Most times the dead move on... Sometimes they want Revenge

The Creek The Creek opens with seven friends partying at a remote cabin in the woods when one of their number – Billy (Tim Jesiolowski) – is killed by an unseen attacker.

We then jump forward five years and the remaining friends have grown older and grown apart. But now, as the fifth anniversary of Billy’s death approaches, each of the six friends sees his ghost. Not sure why they’ve seen a ghost and, individually, not entirely convinced that they have seen a ghost, the friends start to seek each other out and, between them, they decide that they should return to the place where Billy died.

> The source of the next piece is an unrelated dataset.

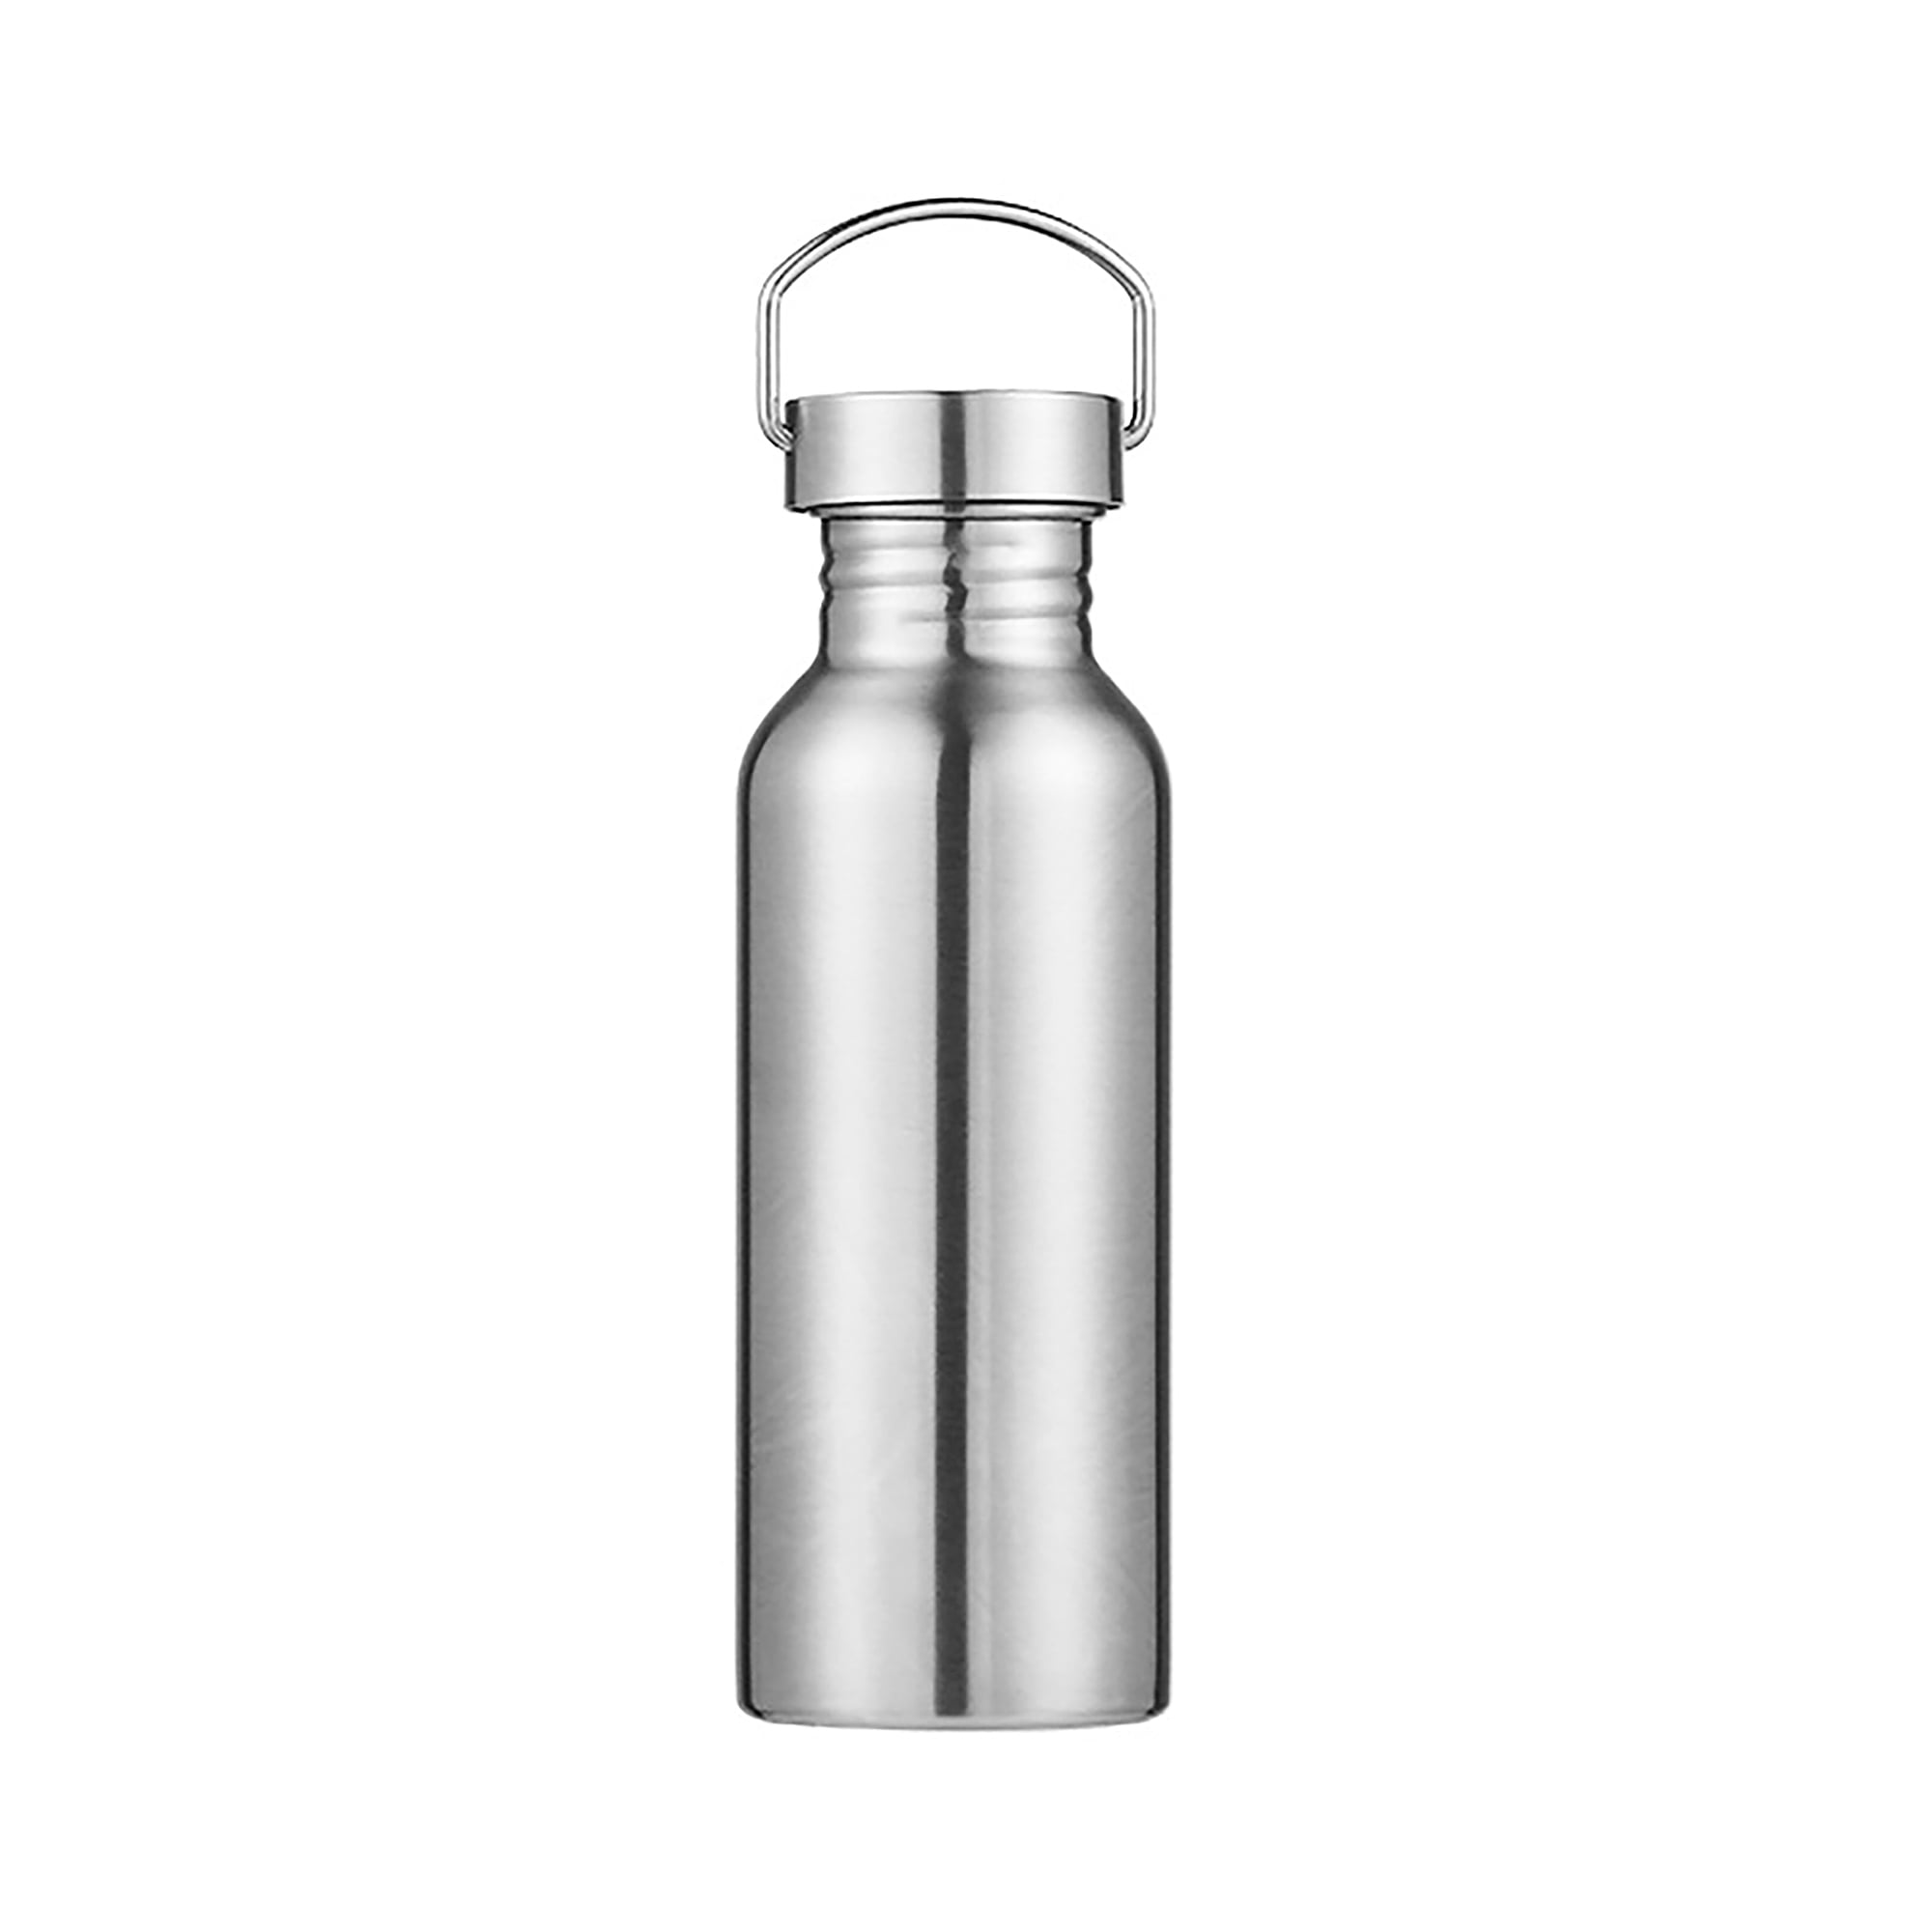 Vacuum Insulated Sports Water Bottle - THILY 32 oz Stainless Steel Leakproof Wide Mouth Metal Water Flask with Flip & Straw Lid, Reusable, BPA Free

And it’s here, in the woods, at night, that they begin to discuss what happened all those years ago. Billy’s murder, it turns out, was recorded by the police as an accident but not everyone is convinced. And, as all of the old tensions and animosities start to emerge, the inevitable question gets asked: If Billy was murdered, who was responsible?

While watching this The Creek, I found it very easy to forget that it is an independent film. Much of it is filmed outdoors and at night, which is always difficult, but writer/director Erik Soulliard’s visual sense combined Jason Contino’s superb cinematography really does lend a genuinely creepy atmosphere to the events.

While the acting is a bit variable in places, it is never less than competent and there are a couple of stand-out performances, most consistently from Kathryn Merry. And, as Billy’s ghost watches his former friends speculate about what may or may not have happened five years previously, and increasingly fall out with each other, the film builds a real sense of paranoia.

This continues until about the one hour mark at which point the truth is revealed and from this point on the film really racks up the tension - so much so that it really does keep you on the edge of your seat.

With very impressive production values and a strong story, The Creek is genuinely gripping from start to finish. This is an excellent film from start to finish and well worth tracking down.